Your instructions — Write the data out again, character for character, with no images.

Available data —
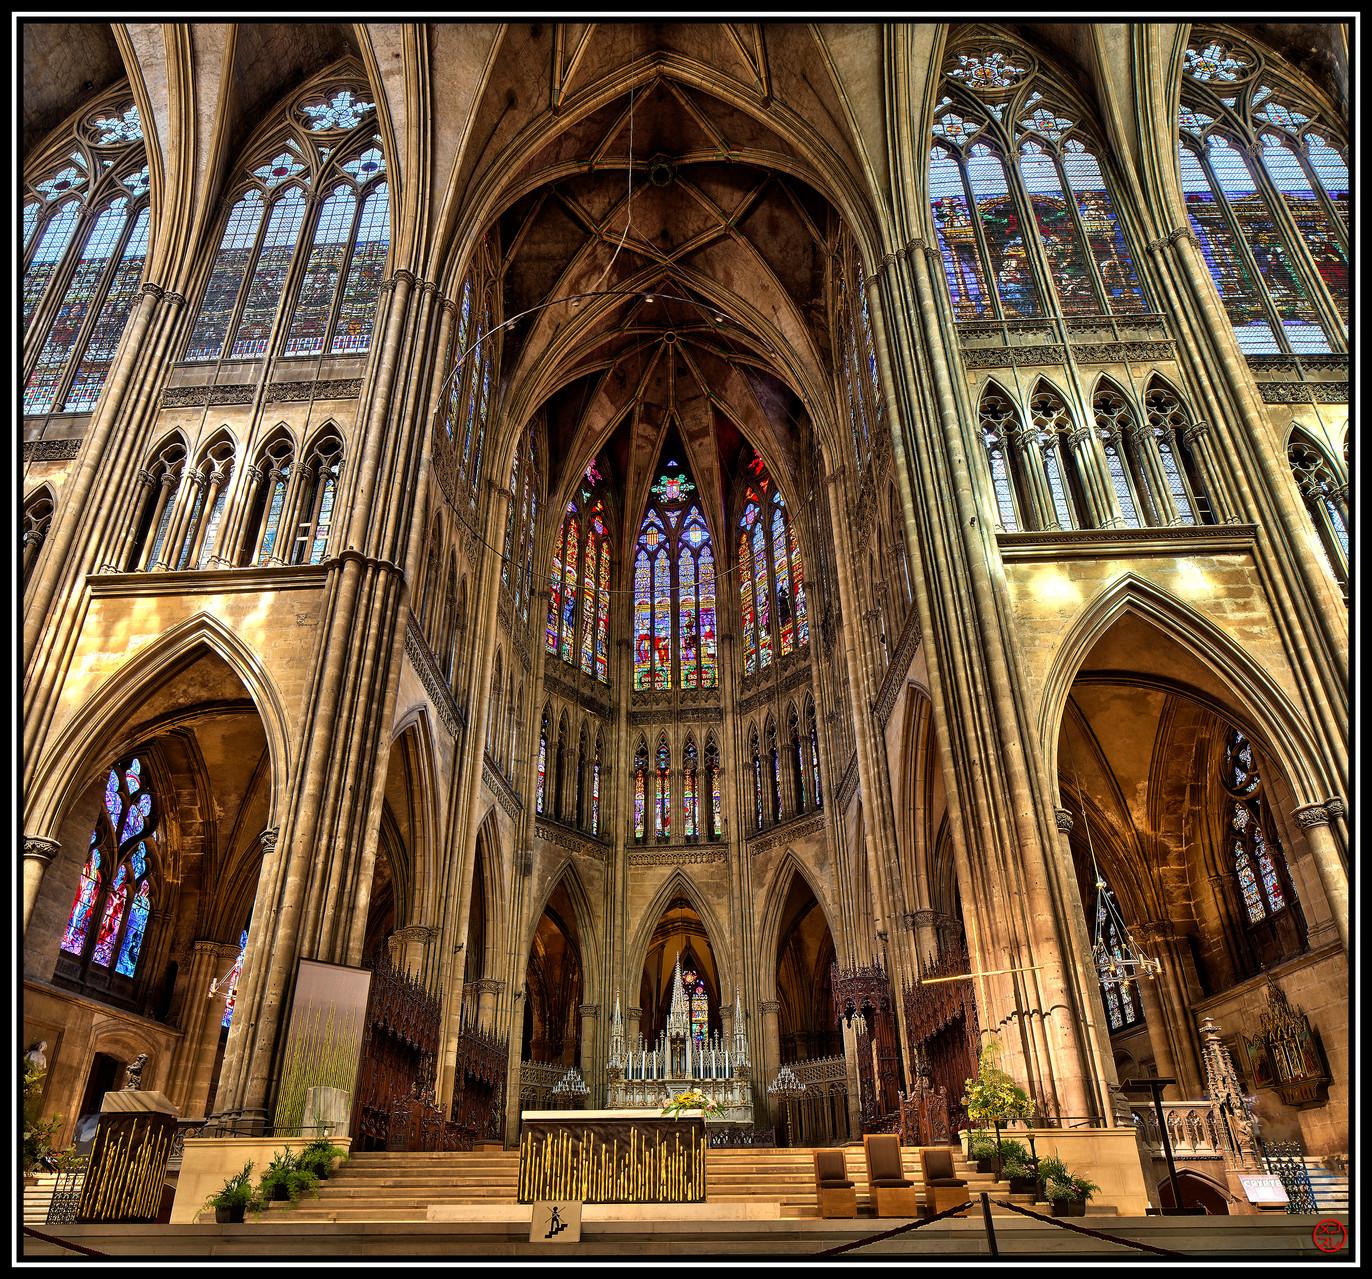 Cathédrale de Metz, France (2012)
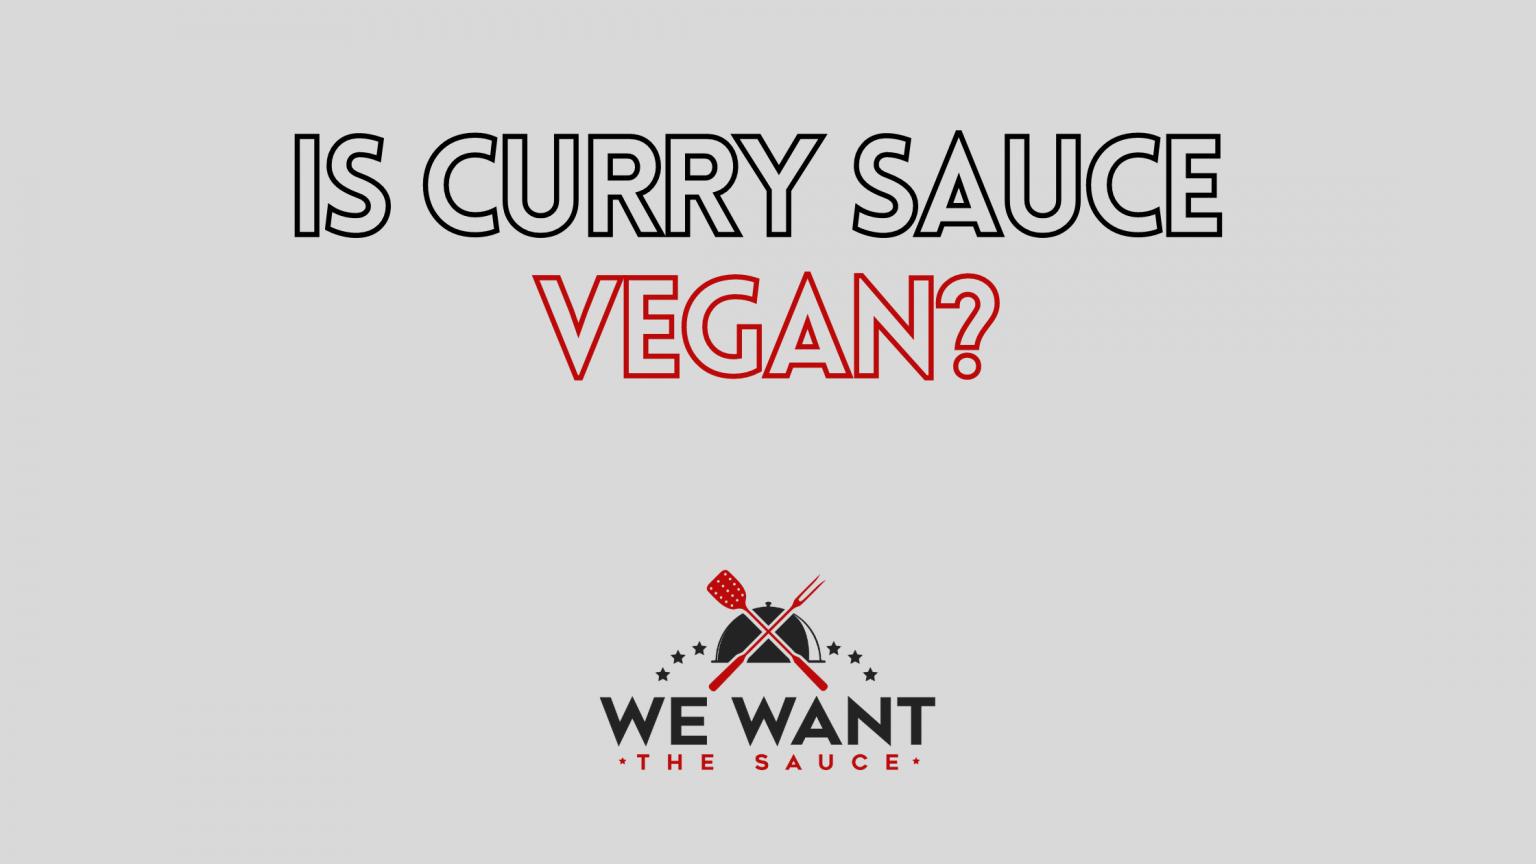 Is Curry Sauce Vegan?
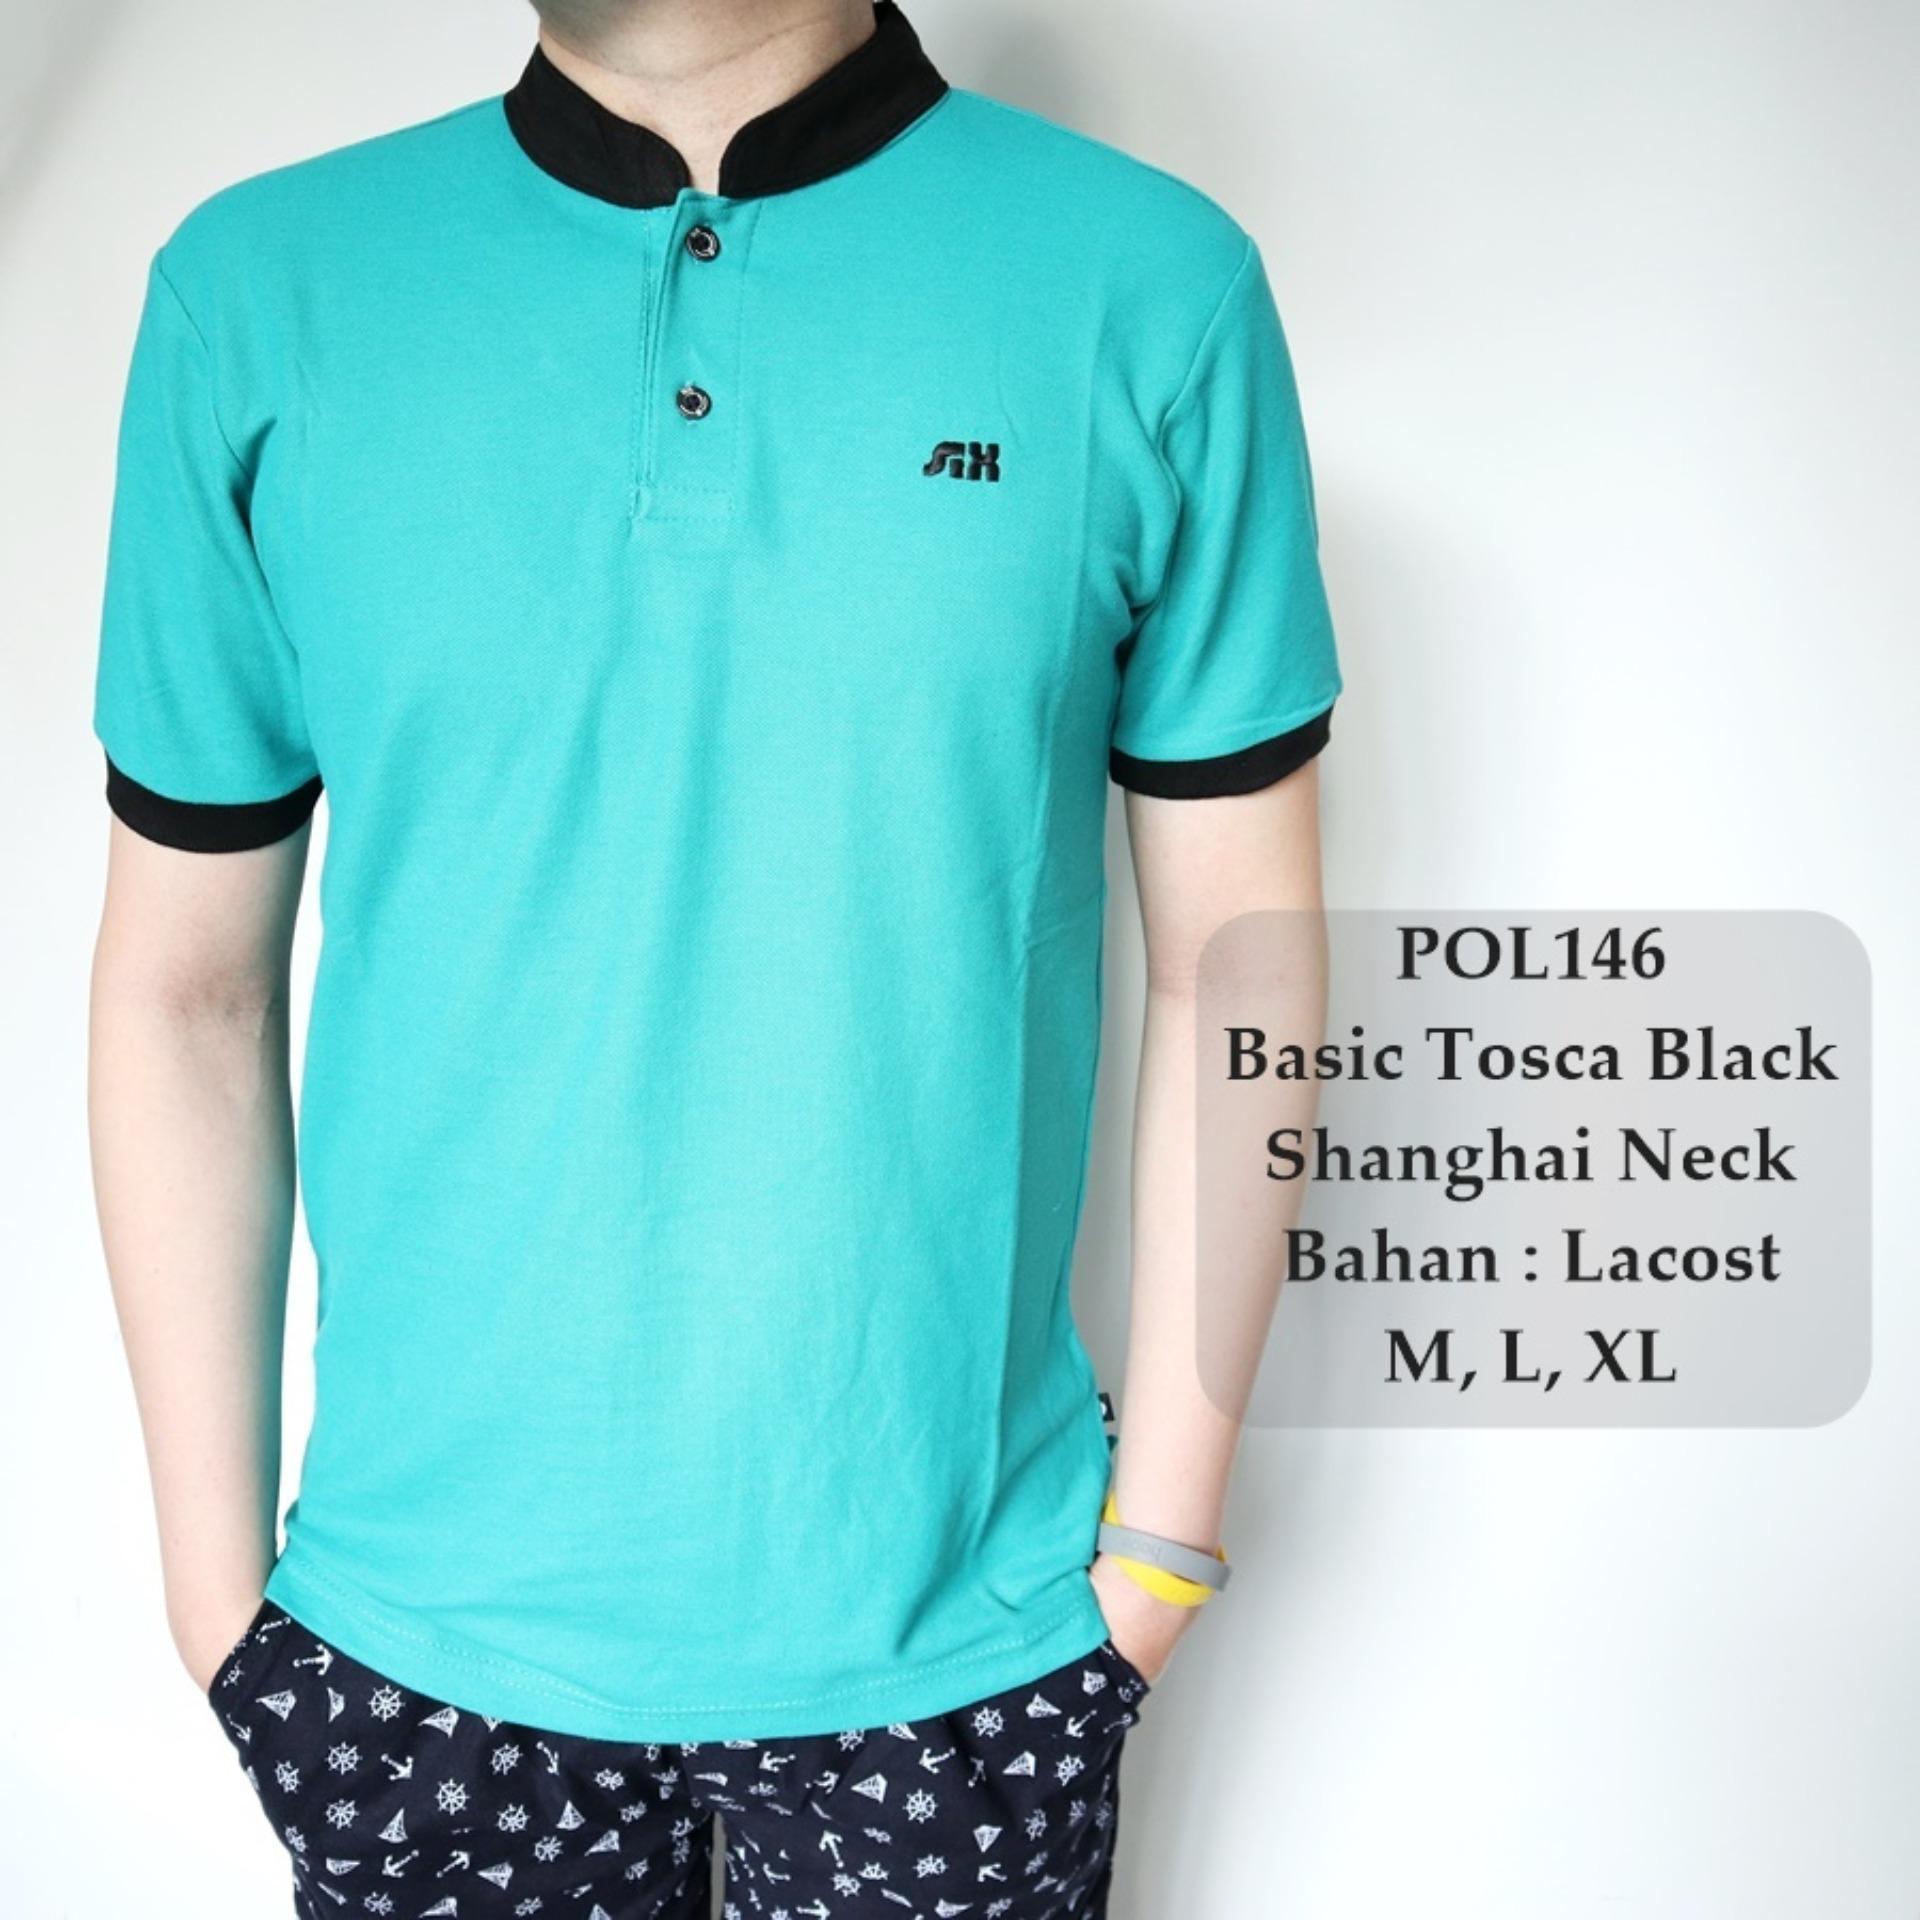 Rp 75.000. GFS Kaos Berkerah Polo Cowok Style Basic Tosca Black Shanghai Neck - 146IDR75000

Expected answer —
 Cathédrale de Metz, France (2012)
 Is Curry Sauce Vegan?
 Rp 75.000. GFS Kaos Berkerah Polo Cowok Style Basic Tosca Black Shanghai Neck - 146IDR75000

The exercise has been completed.